I meant to hold off on testing until tomorrow, but A neglected to hide the tests from me. I have the worst willpower, and that man is such an enabler. Gah. Fail! So, of course it was negative. 11dpo, and while that's still early I feel a bit down. I was actually pretty hopeful for this cycle, I kept trying to keep myself grounded but I was really hoping.
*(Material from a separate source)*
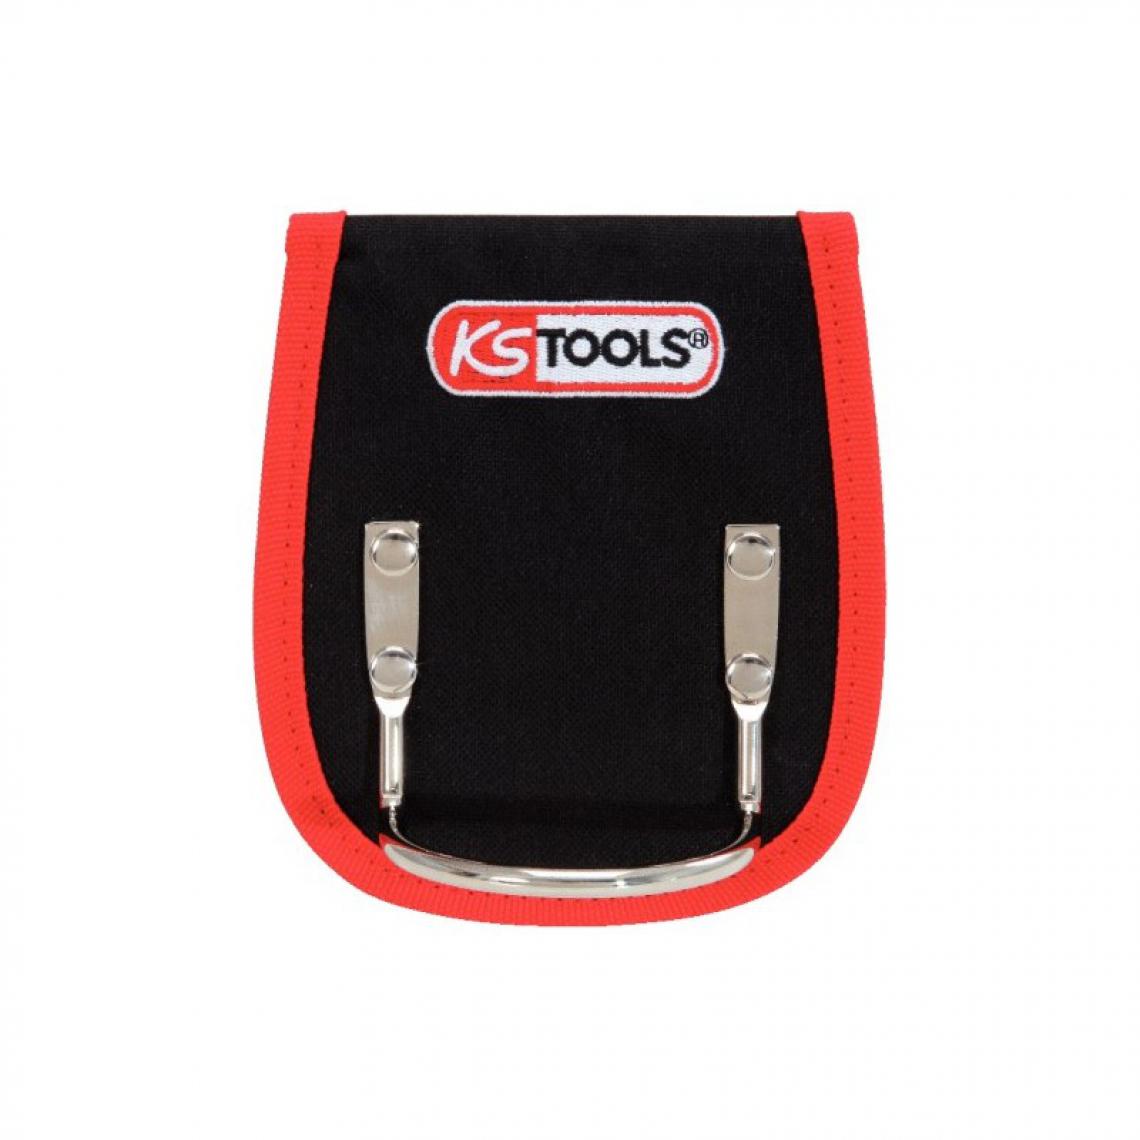 Ks Tools - KS TOOLS 850.0304 Porte marteaux avec passant - Packs d'outillage électroportatif

I'll retest in a couple days, but I'm not very optimistic at this point. I know, I know: ra ra ra, it's still early! don't give up hope! I would rather start mentally preparing for the next cycle though. Sorry! If things change, well, AWESOME. I would love to have my pessimism thrown back in my face! As it is though, I'm going to prepare for the worst. I know it's still early, but with my history I know when I need to start preparing. It's 11dpo and I used a test with a sensitivity of 10... so, yeah, it doesn't look good. We can still cross our fingers for a late implantation, but I'd rather start the process towards acceptance. I'd rather have a happy surprise than a huge let down. any. day.
I'm going to the zoo today with my friend and our kids, so hopefully that will take my mind off things. It's a beautiful day; the sun is shining, it shouldn't be freezing, and some fresh air will do me good. Hopefully we don't have any unexpected issues. With the way my luck has been going, and those damn gremlins I seem to bring with me, you never know!